** Recorded information follows **

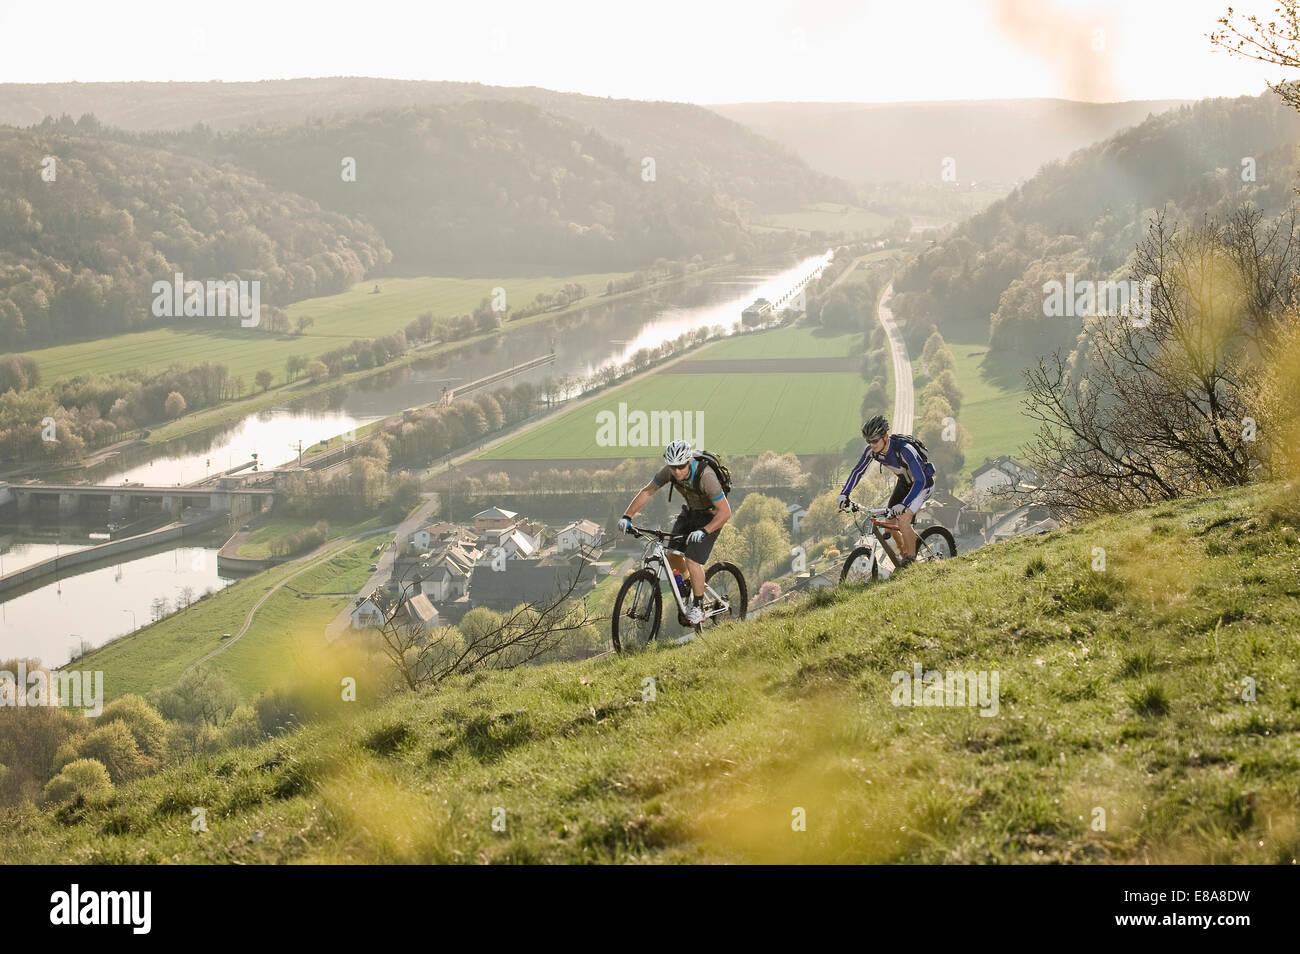 Young men mountainbiking at sunset, Bavaria, Germany - Stock Image
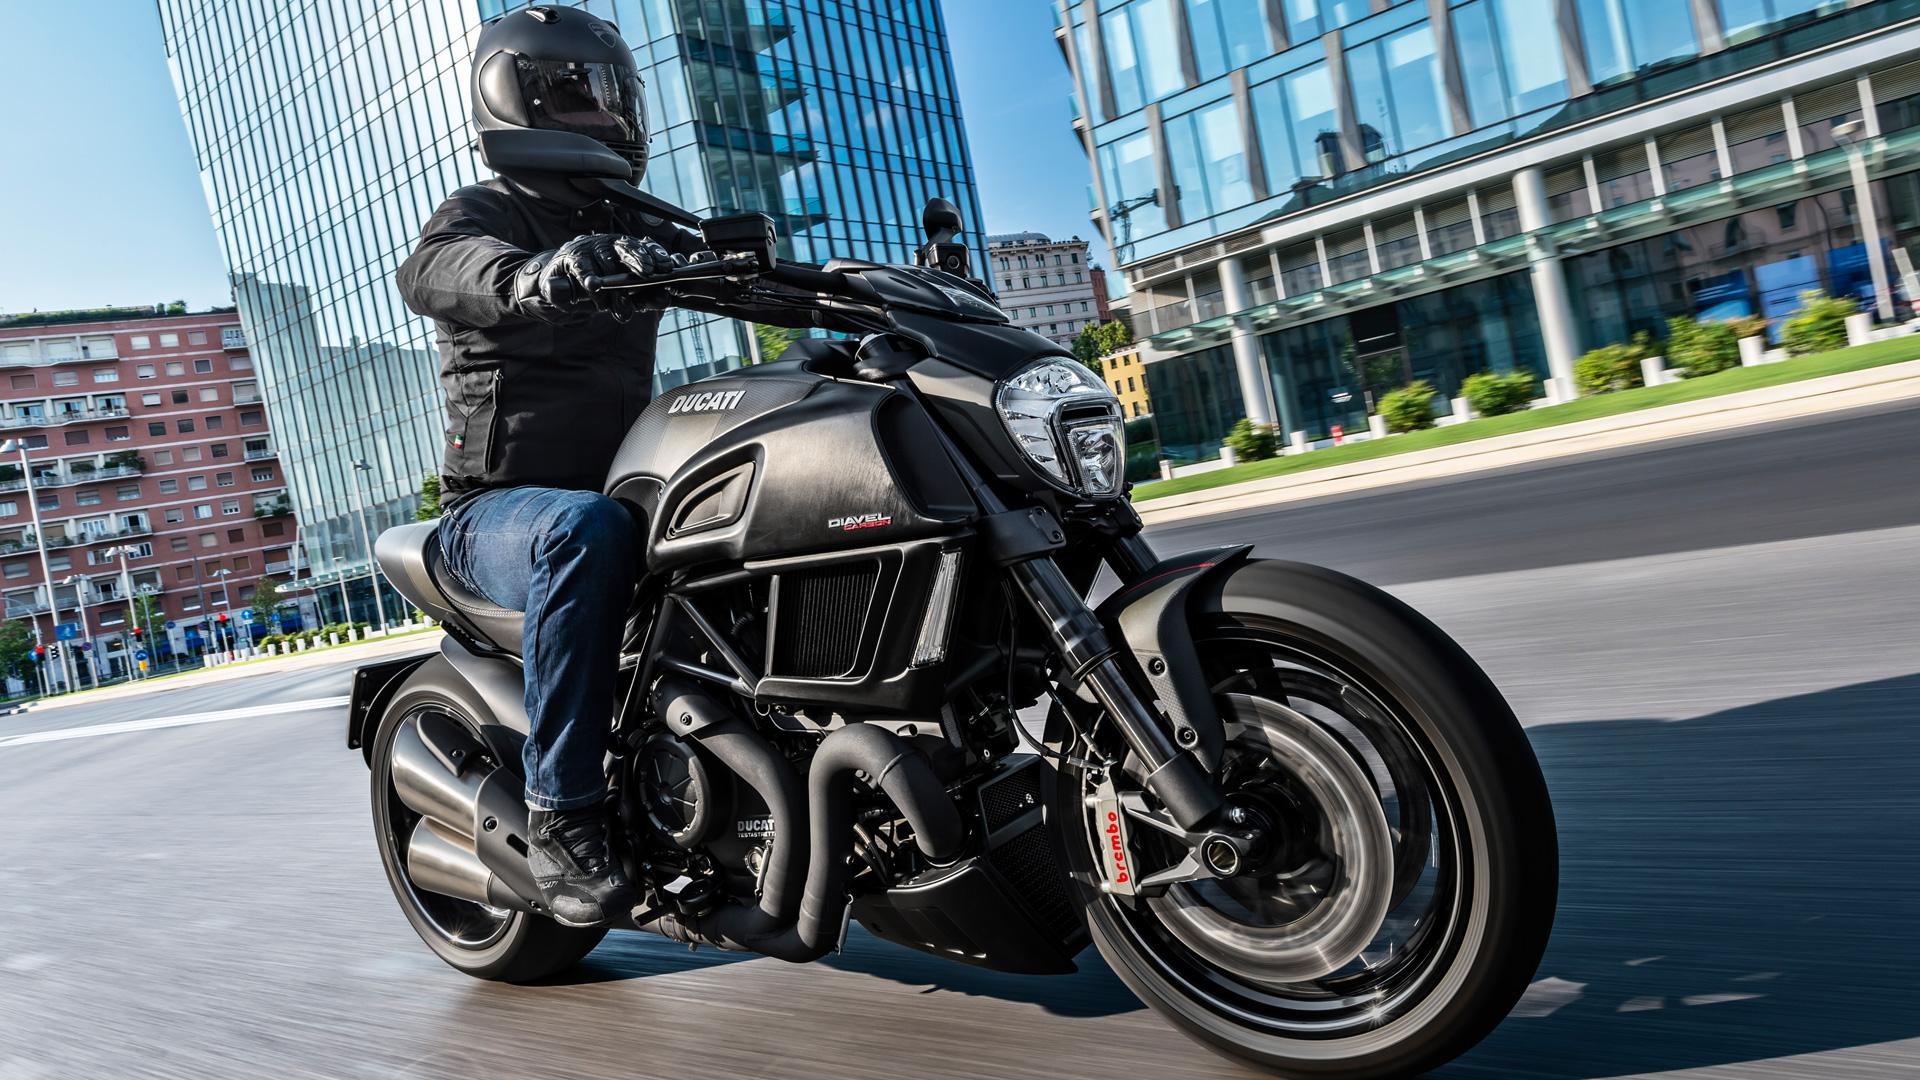 МОТОЦИКЛ DUCATI DIAVEL CARBON 2018 ― Артмото - купить квадроцикл в украине и харькове, мотоцикл, снегоход, скутер, мопед, электромобиль
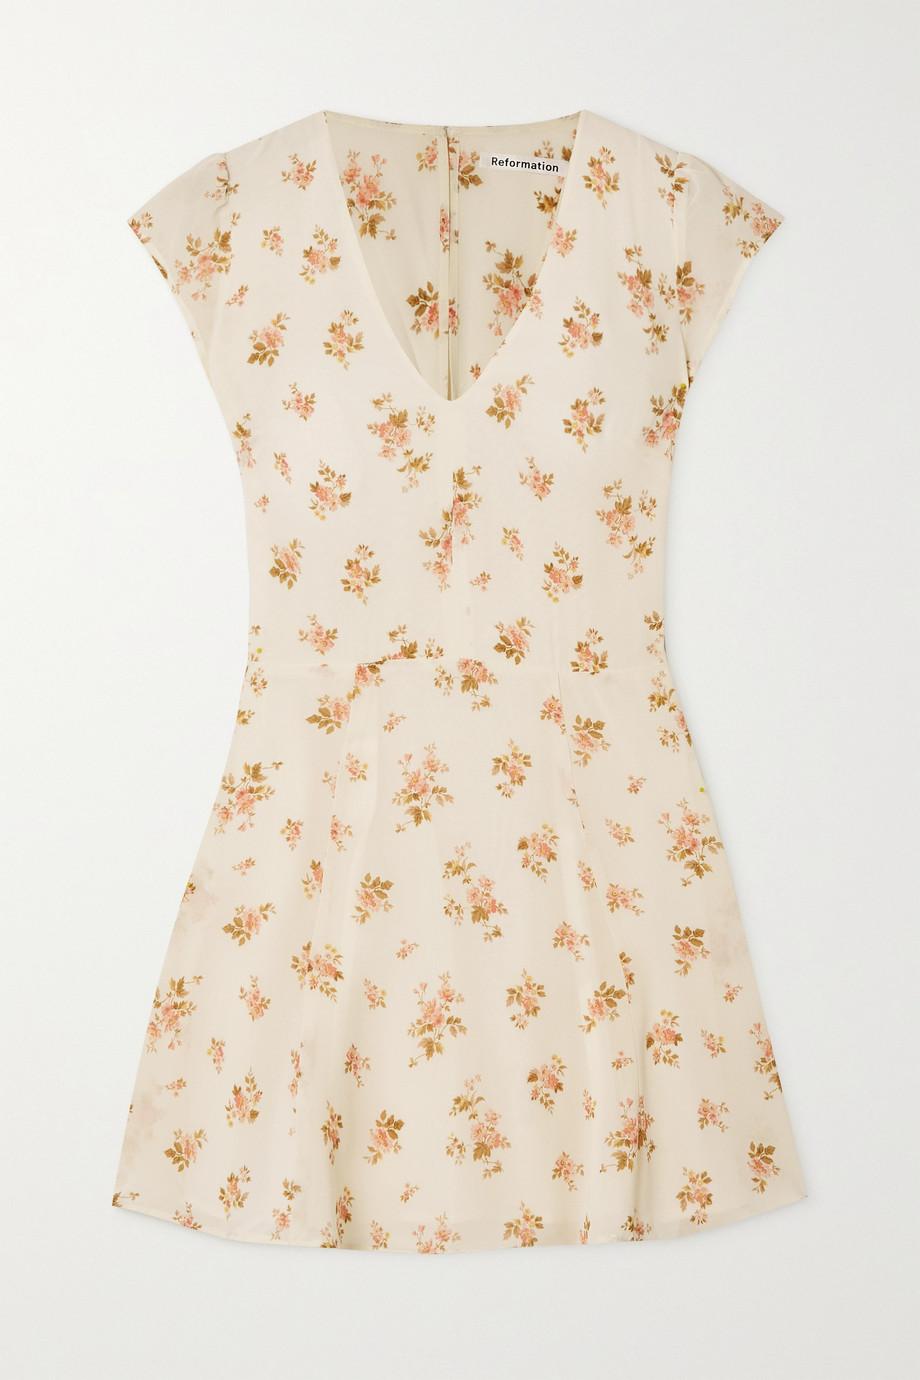 Reformation + NET SUSTAIN Deven floral-print georgette mini dress
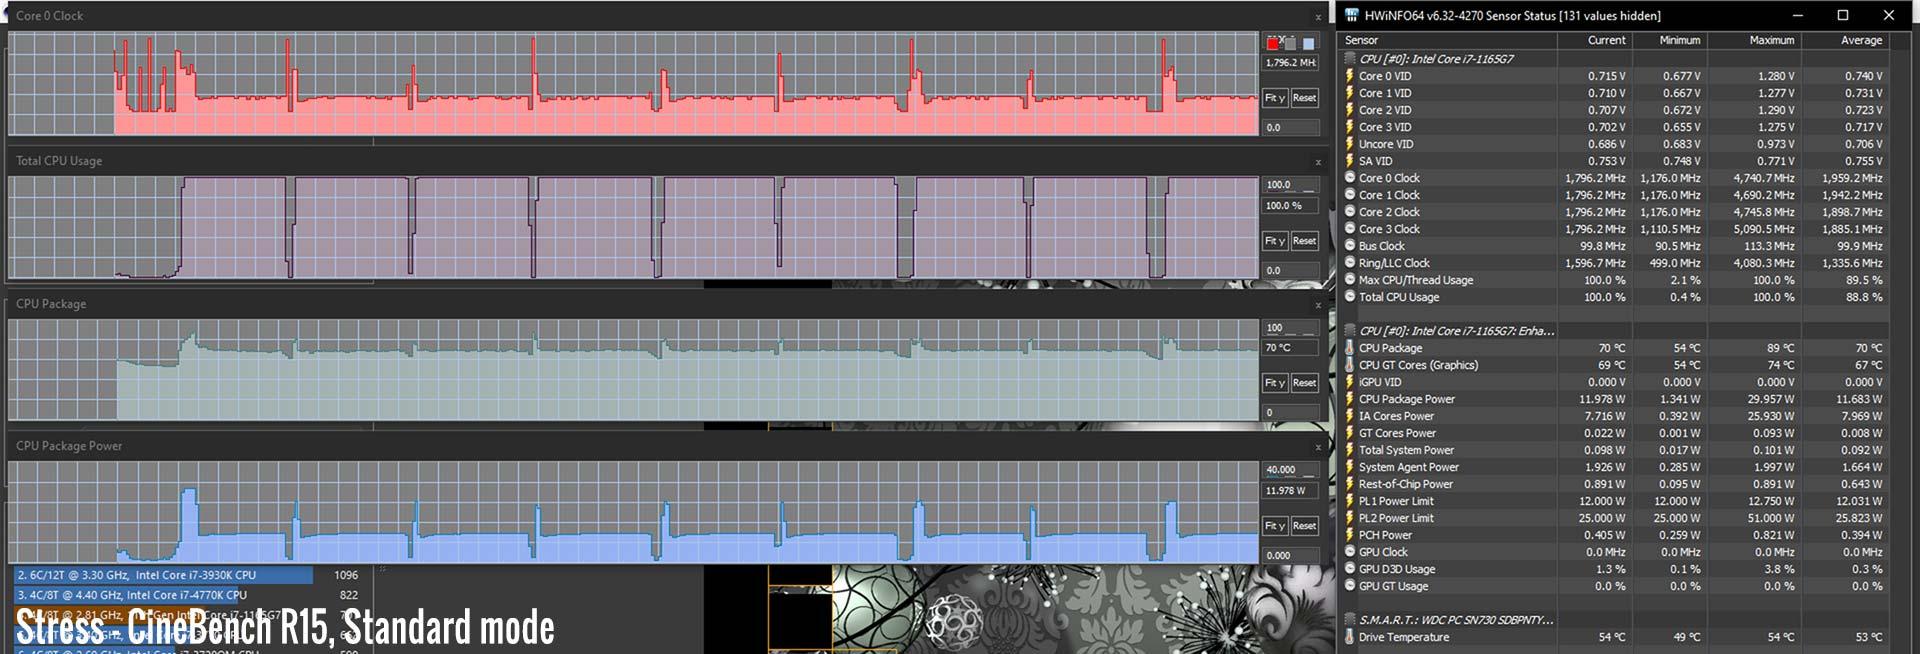 stress-cinebenchr15-standard

** End of Recorded information **

**Exercise aim:**
Give back the data verbatim. The pictures are not part of the copy.

**Reply to the exercise:**
 Young men mountainbiking at sunset, Bavaria, Germany - Stock Image
 МОТОЦИКЛ DUCATI DIAVEL CARBON 2018 ― Артмото - купить квадроцикл в украине и харькове, мотоцикл, снегоход, скутер, мопед, электромобиль
 Reformation + NET SUSTAIN Deven floral-print georgette mini dress
 stress-cinebenchr15-standard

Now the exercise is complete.